I’m terrified of deep open water. The feeling of floating helplessly above the nothing, the unexplored leaves me frozen. This was the first time I had ever been in an exihibit that lets you feel like you are seeing fish deep under the water, and I was a little shook. Looking up however, I could see the tank continued and let you see the only light source coming into the water, revealing more of this deep water. I smiled. Photo and comment by Matt Alaniz on Unsplash

Jesus says, “There’s only one sign I’m going to give you: the sign of the prophet Jonah” (see Luke 11:29; Matthew 12:39, 16:4). Sooner or later, life is going to lead us (as it did Jesus) into the belly of the beast, into a place we can’t fix, control, explain, or understand. That’s where transformation most easily happens—because only there are we in the hands of God—and not self-managing. (from Richard Rohr’s reflection this morning 21-October-2018)

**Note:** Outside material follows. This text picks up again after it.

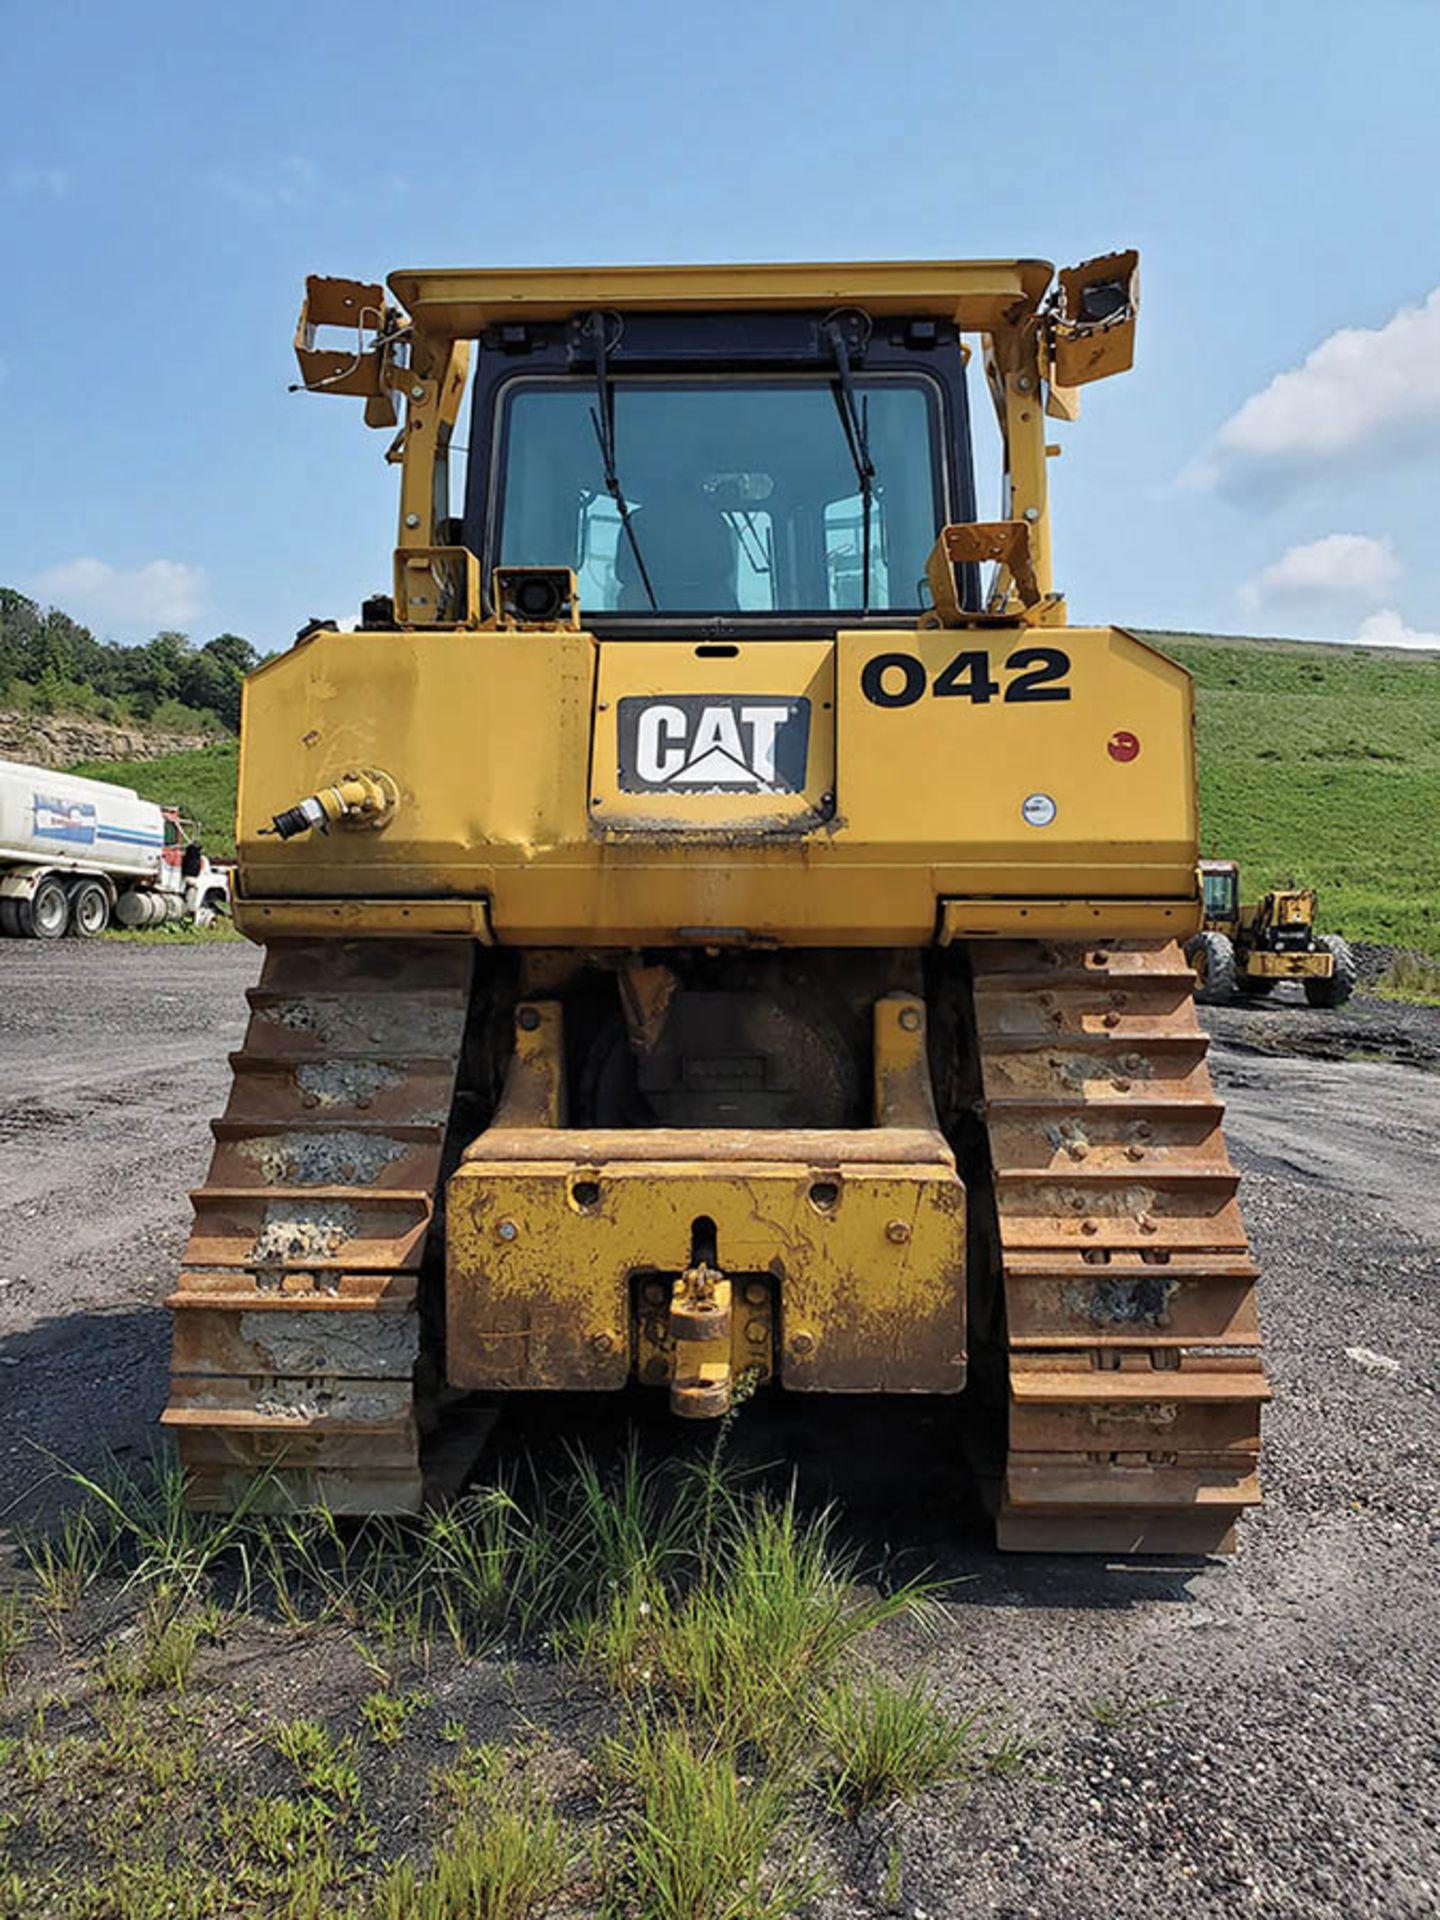 Lot 124 - CATERPILLAR D8T DOZER, S/N: KPZ02178, CAT C15 ENGINE, 24'' WIDE TRACKS, 166'' WIDE DOZER BLADE, REAR

Last year was a blur. Losing so many close to me — brother, mother, brother-in-law as well as one of my dogs (who had been part of my life for more than 12 years) — sent me to a place where I felt I had no control, no reassurance that the sun would rise. I wouldn’t plan anything of consequence. It seemed I had no chance to begin processing one loss before another occurred. My sister thinks I’ve handled it better than she has. Perhaps this is true, but it came only after surrendering to the grief, walking through it and basically remembering one of the lessons of Cursillo: Let go and let God. Or maybe sinking into Julian of Norwich’s “All shall be well, all manner of things shall be well.” Or the signs on walls while walking the Camino: in the end, all will be good. If it’s not all good, then it’s not the end!

The belly of the whale is dark and uncomfortable. At times the darkness might be more comfortable than the light. When one has been taken care of by the belly of the whale, then one can walk in the light again.